3) Disruption and innovation: With the resources and processing power at our fingertips, insurers should be leveraging data and AI to disrupt outdated processes.
– Yannick Even, Swiss Re
Incorporate AI Literacy in Your Culture and Strategy
Make Sure Your Culture is Ready for Change
AI is going to create change within an organization. Organizations must prepare for those changes on a cultural level and really understand how to implement AI and make the part of the culture. You can hire data scientists. You can bring in third party organizations to help refine your data and to set up your governance group. But if your organization is not ready for the innovation and the change that’s going to impact them directly, it’s going to be a challenge. Having a specific, dedicated effort for education throughout the organization is key to ensure that your people understand what’s going on, how adoption will work and how it will influence your value proposition.
– Louis DiModugno, Data Curiosity
Share Your Vision
Literacy’ is when you’re able to be conversational. You don’t have to be fluent, but you have to be conversational.
To be able to really “see” the vision moving forward, people have to understand what’s actually possible from a technological perspective. And they have to understand what tools are potentially at their disposal to be able to influence some of those things. I talk about it as “the art of the possible.” The art of the possible is driven by digital literacy, and you can’t get to this visioning standpoint where you’re looking at where you can take your company unless everybody has that understanding.
– Emma Roloff, Roloff Consulting
The Big Picture
Data Credibility is Key
It always comes back to the data and to the truthfulness of the input. If you’re using ChatGPT and large language models, you will have some real challenges in terms of identifying the source of your data. Did the answer come from my proprietary information, or did it come from a novel that was written 30 years ago? This is a valid question that will become even more important over time.
– Louis DiModugno, Data Curiosity
Be Intentional About Vendor Selection
The practitioners who have been doing this a long time think very carefully about bias and governance. Every practitioner I know that uses generative AI in their daily world knows about things like hallucinations, and they think about validation.
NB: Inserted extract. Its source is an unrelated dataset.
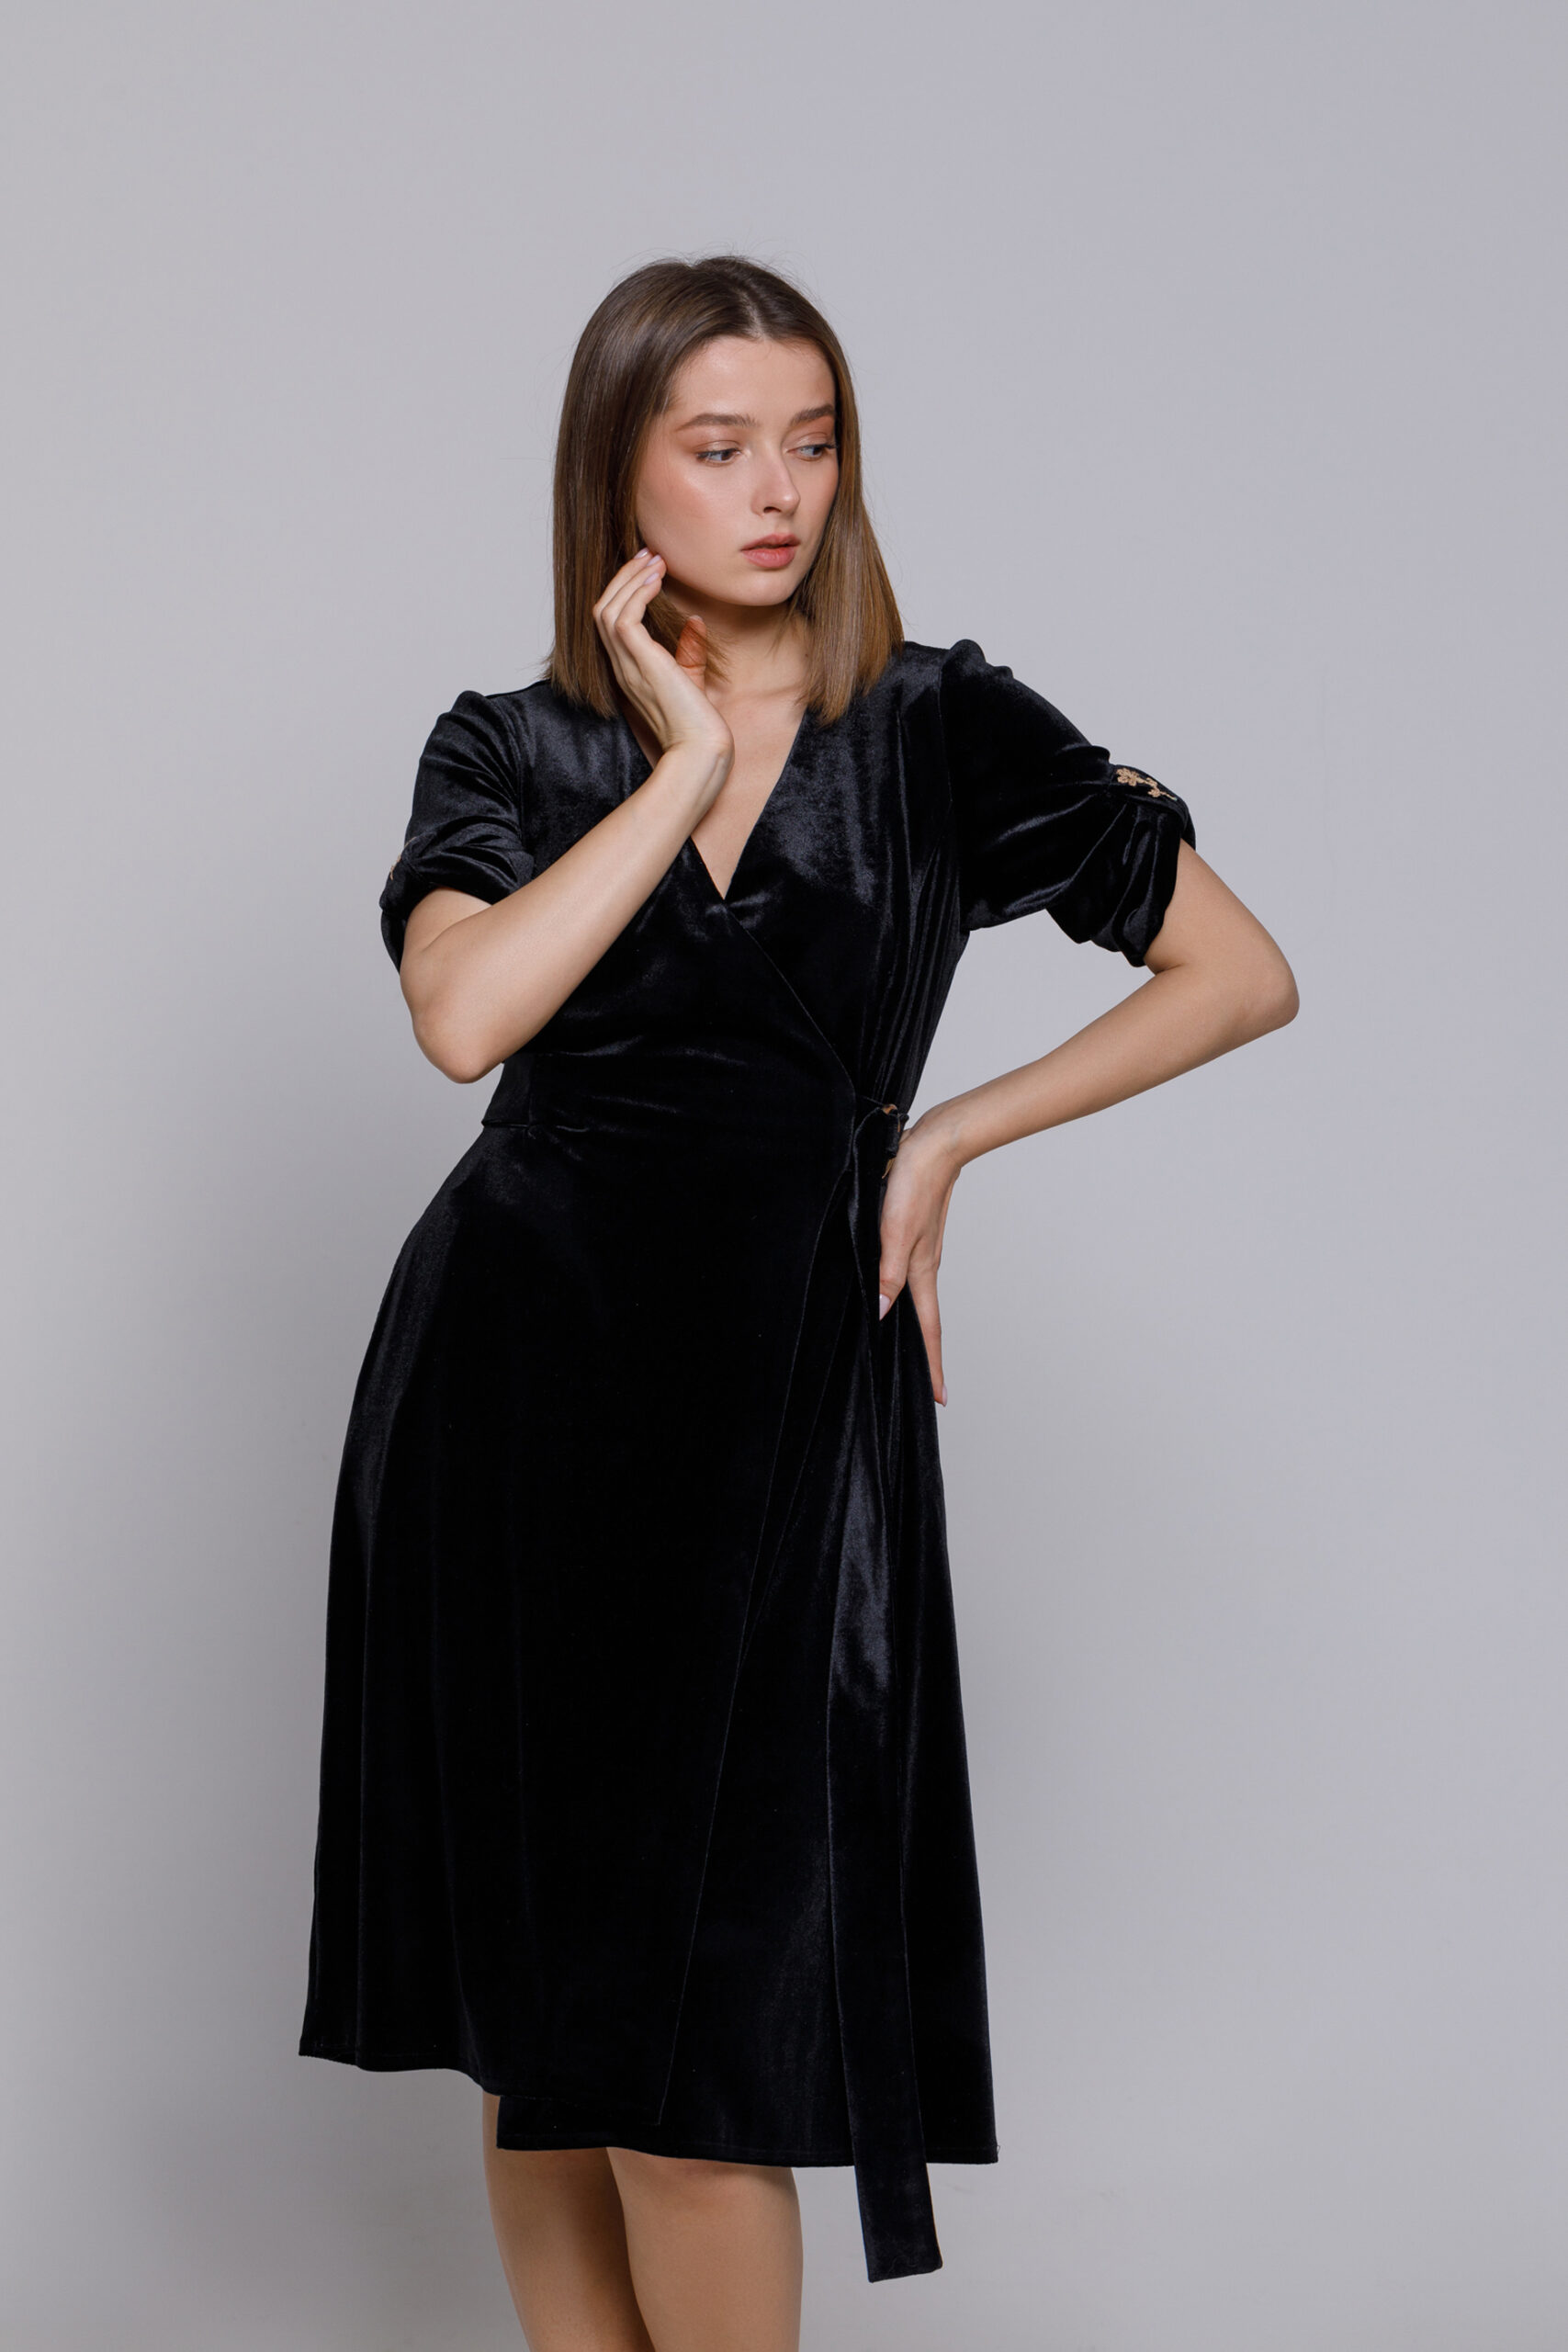 TEEA black velvet dress. Natural fabrics, original design, handmade embroidery

When we think about evaluating vendors or even solutions for our clients, we think almost exclusively about governance and bias because it’s incredibly important, but it’s something you can’t see. You can see a screen and you can have one of these solutions generate a nice poem for you, but bias is very hard to see. It’s very hard to detect. I worry that the casual user or even the casual InsureTech or FinTech won’t be doing adequate work around rooting out bias around governance.
For companies evaluating these technologies: as you’re looking at your vendor ecosystem, do it with intent. If someone says, “I have AI,” you need to know what it’s doing. You need to be aware of the underlying calculation and how you’ve gotten to your conclusions.
– Steven Abel, Oliver Wyman
Incorporate an Ecosystem Mindset
Remember, you are part of an ecosystem—don’t try to build all by yourself. Find a way to provide value to your tech and to your partners. There is value you can bring with your expertise to governments, to a regulator around responsible AI and different framework. So, find a way to bring this value so that these players want to open the doors and help you build something at scale.